Analysts expect multiple pharmas, including BMS, BioNTech, and Gilead, to file INDs within the next 18 months. Any positive safety signal could ignite a wave of investor enthusiasm comparable to the early mRNA vaccine breakthrough in 2020. On the other hand, any adverse immune events could delay the field by years and invite heavier regulatory scrutiny.
The road ahead: What the in-vivo revolution could mean for patients and pharma
The race to reprogram immunity inside the human body represents one of the boldest transformations in modern medicine. It is not merely about speed or cost; it’s about changing the architecture of therapy itself. In-vivo reprogramming blurs the line between biology and technology, promising a world where treatments are digitally designed, RNA-encoded, and biologically executed.
For pharmaceutical giants like Bristol Myers Squibb, this is a strategic necessity — a way to remain competitive as traditional blockbusters face patent cliffs.

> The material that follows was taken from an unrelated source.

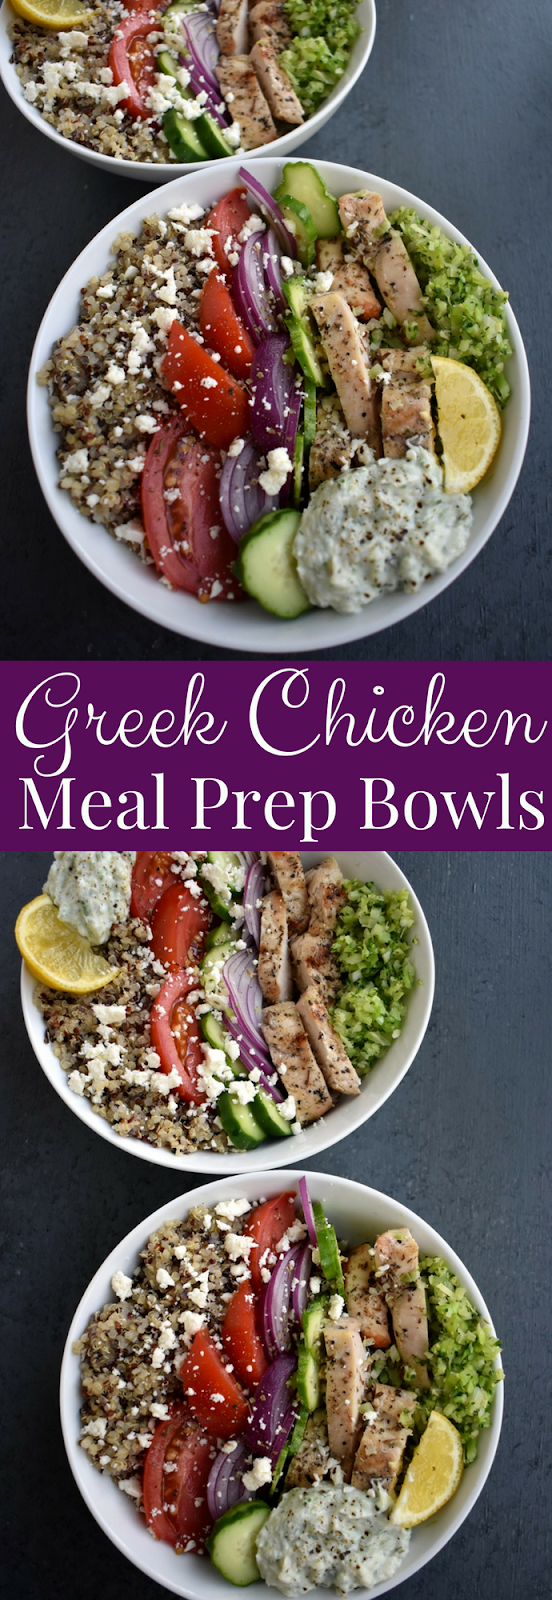 Greek Chicken Meal Prep Bowls are loaded with lemon herb chicken, tzatziki sauce, cucumbers, tomatoes, red onion, feta and broccoli for the perfect lunch that can be made ahead of time! www.nutritionistreviews.com

For startups, it is the opportunity of a generation to define an entirely new therapeutic category. And for patients, it is the hope that a complex, costly treatment can one day be delivered as a simple infusion, with the body doing the rest.
The next two years will determine whether the in-vivo revolution is biotech’s next golden age or its next great lesson in scientific humility. Either way, the direction of travel is clear: the future of medicine is no longer outside the body — it’s happening within.